In some IoT scenarios like disaster management or environmental monitoring in remote locations, local, offline networks of devices are necessary. The UNified IoT Environment’s10 (UNIoTE) client-broker-server architecture enables stream queries to be registered and results to be delivered to devices. A publish-subscribe mechanism based on lightweight ZeroMQ sockets are used. Servers subscribe to URIs and clients publish queries (with URIs in the FROM clause) facilitated by brokers with known addresses. As shown in Fig. 1 a UNIoTE server uses a sparql2stream engine to translate and register queries. Results are then delivered directly to all requesting clients through push-pull sockets.

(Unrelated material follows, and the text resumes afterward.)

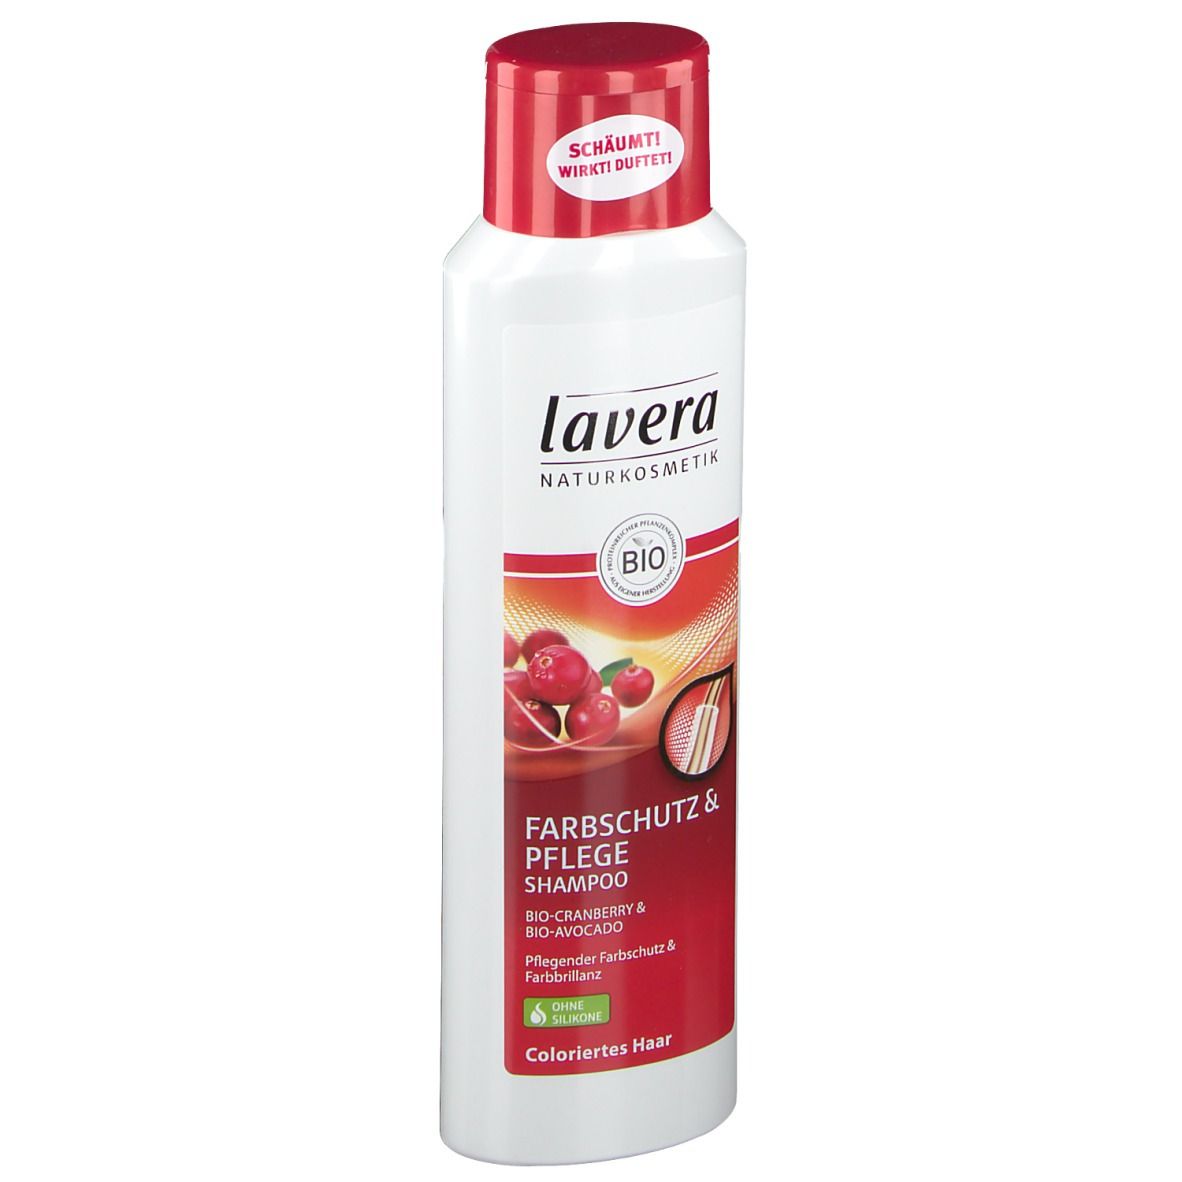 lavera Farbschutz & Pflege Shampoo

The Web Observatory Project is developing a global decentralised, distributed infrastructure that allows the use and exchange of datasets, analytical apps and visualisations [ 2 ]. Web Observatory instances exist as collections of datasets and analytical tools protected by access controls. The principles espoused by the Web Observatory as a distributed infrastructure are a possible solution for managing datasets and apps in the IoT. By sharing metadata of IoT datasets and providing the Observatory access through the SPARQL endpoint, PIOTRe systems, when online, are able to support apps which use globally distributed data sources across Observatory instances securely.

HyperCat11 is a complementary catalogue for exposing collections of uniform resource identifiers (URLs) that refer to IoT assets over the web. PIOTRe systems connected to various sensors, devices and things, publish metadata of these from mappings with a HyperCat server when online, increasing interoperability.